Data shown —
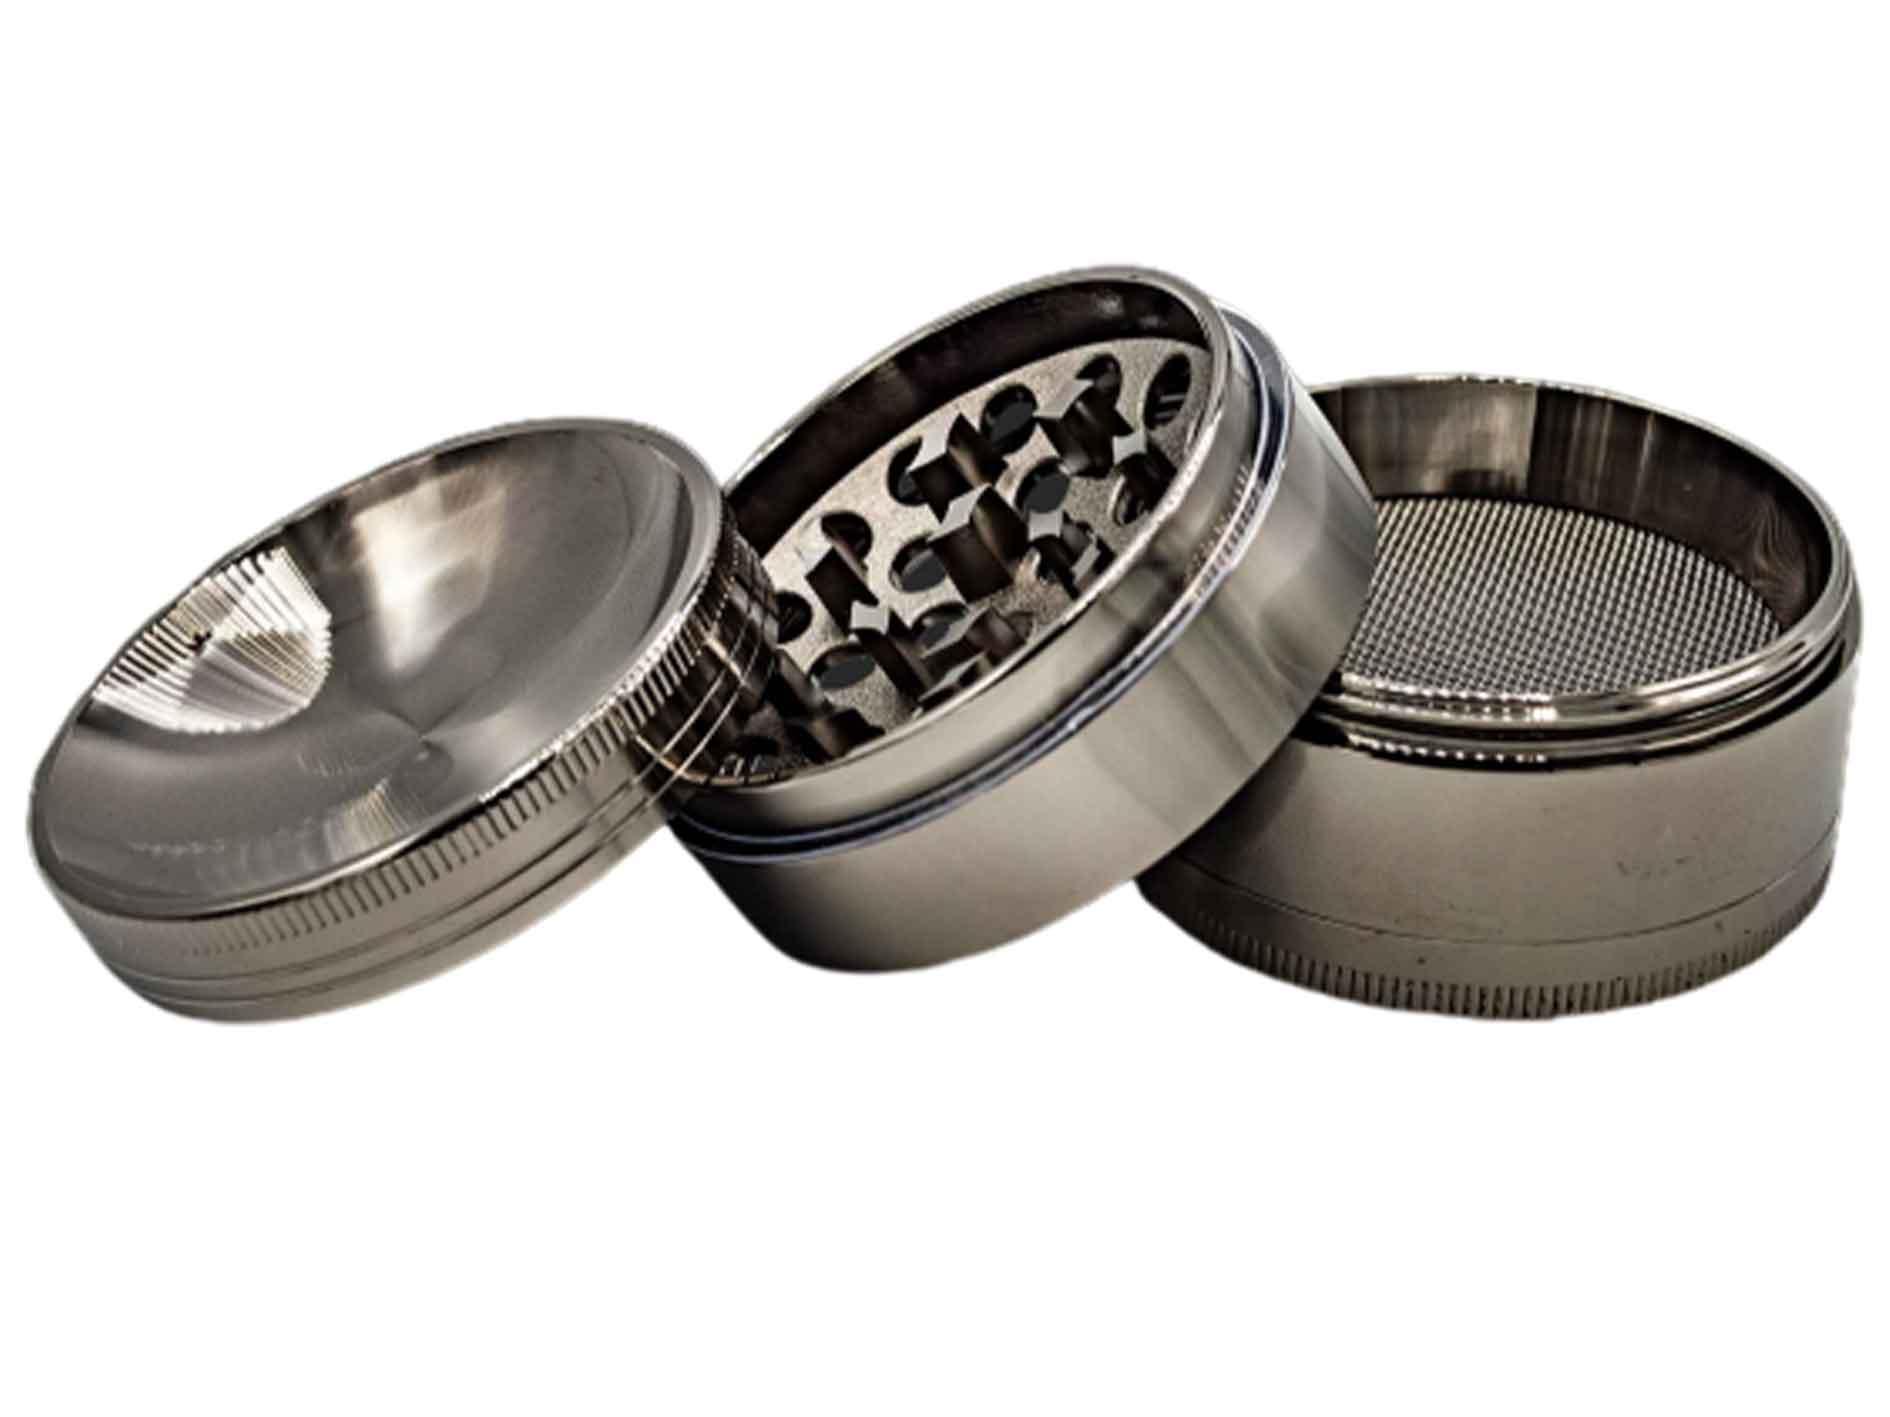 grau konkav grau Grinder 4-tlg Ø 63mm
==
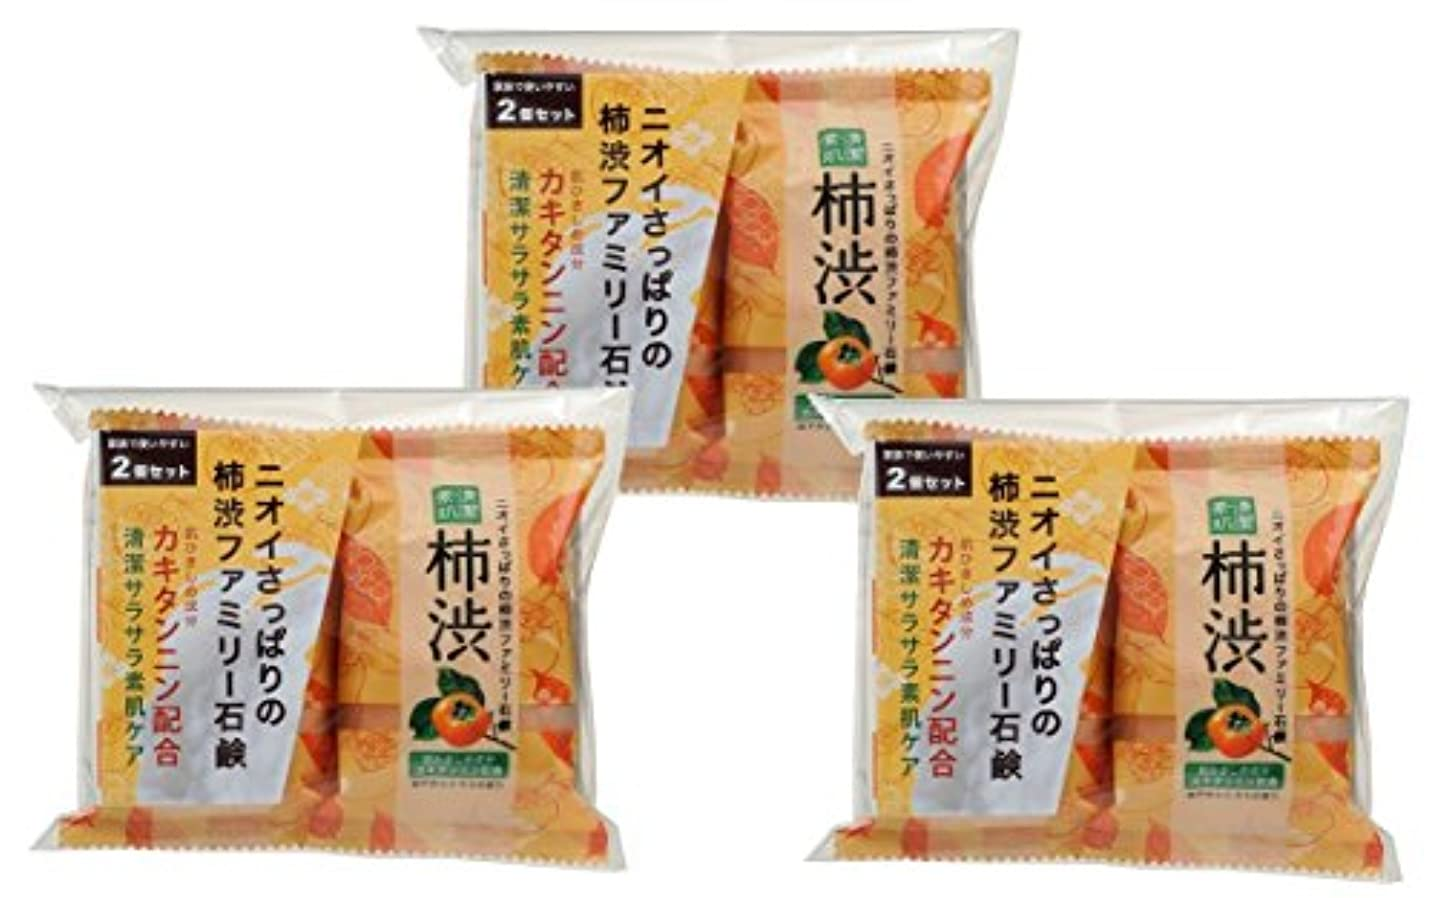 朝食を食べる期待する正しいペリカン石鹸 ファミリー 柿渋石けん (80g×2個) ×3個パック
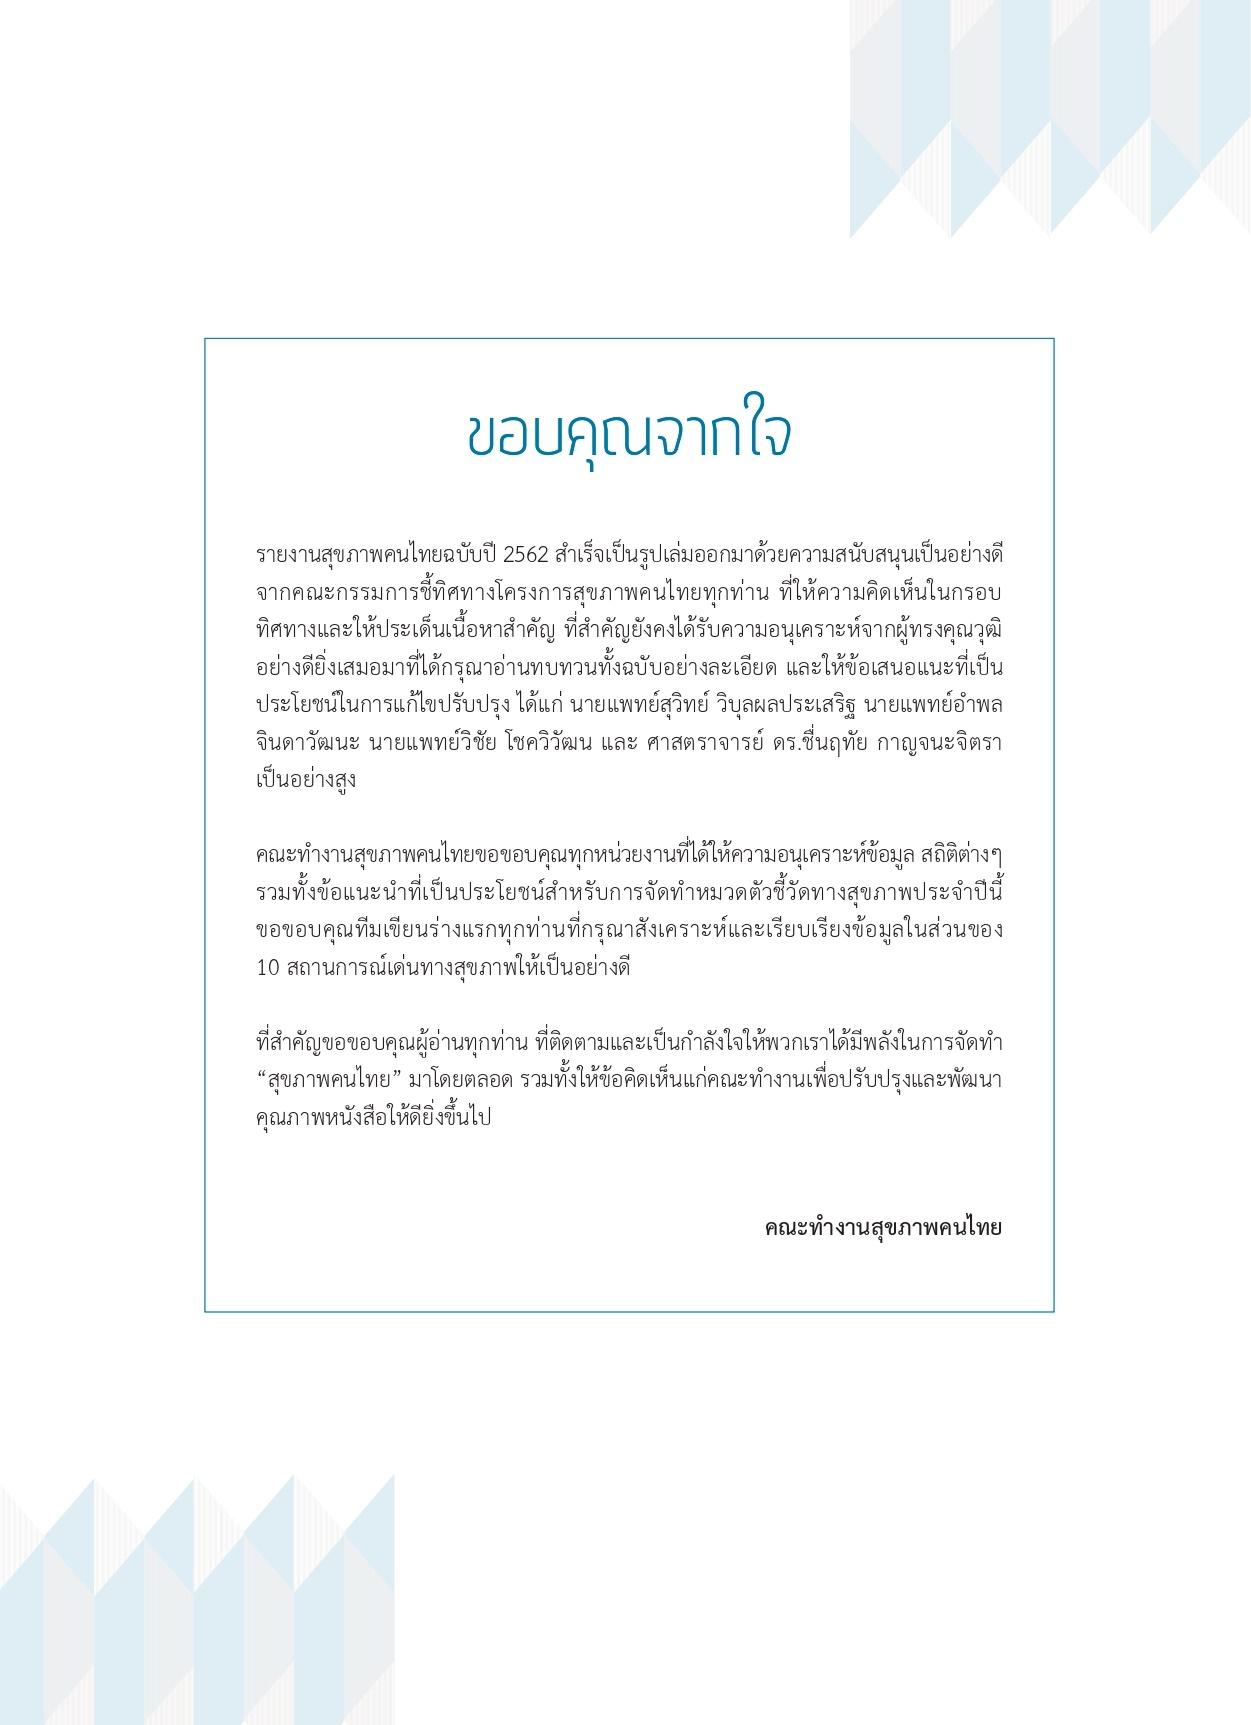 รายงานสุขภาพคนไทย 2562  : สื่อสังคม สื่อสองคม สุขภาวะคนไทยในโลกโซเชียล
==
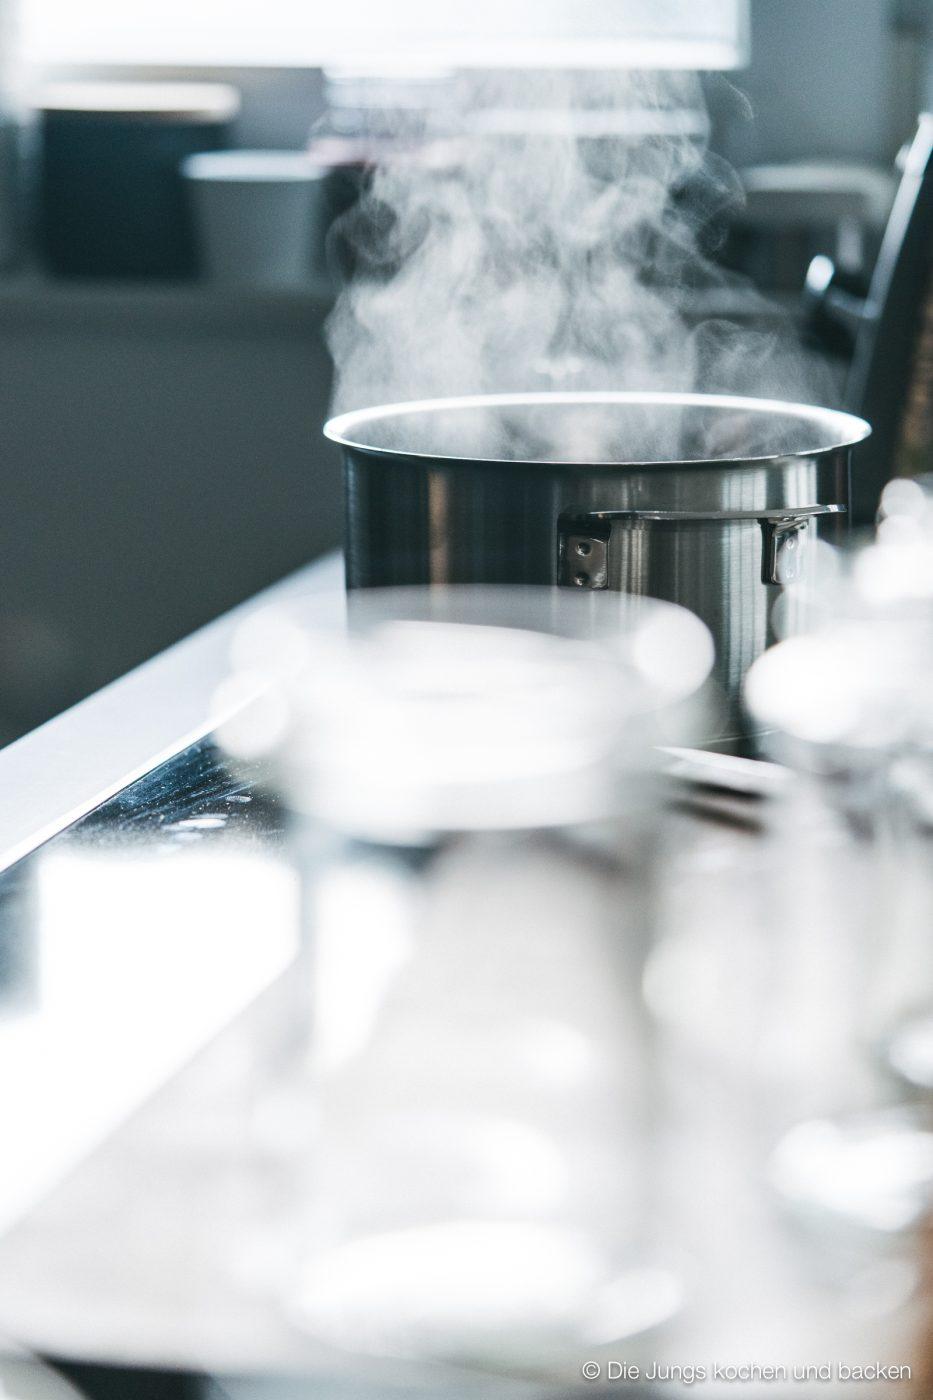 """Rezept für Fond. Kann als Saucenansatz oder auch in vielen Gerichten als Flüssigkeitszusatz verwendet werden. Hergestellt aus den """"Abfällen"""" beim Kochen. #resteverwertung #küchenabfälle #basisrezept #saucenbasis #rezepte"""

Problem — Starting at the line with "朝食を食べる期待する正しいペリカン石鹸 ファミリー 柿渋石けん" and finishing at the line with "สื่อสังคม สื่อสองคม สุขภาวะคนไทยในโลกโซเชียล", copy the material above exactly, both lines included. Nothing else goes in, and no pictures.

Exercise solution —
 朝食を食べる期待する正しいペリカン石鹸 ファミリー 柿渋石けん (80g×2個) ×3個パック
 รายงานสุขภาพคนไทย 2562  : สื่อสังคม สื่อสองคม สุขภาวะคนไทยในโลกโซเชียล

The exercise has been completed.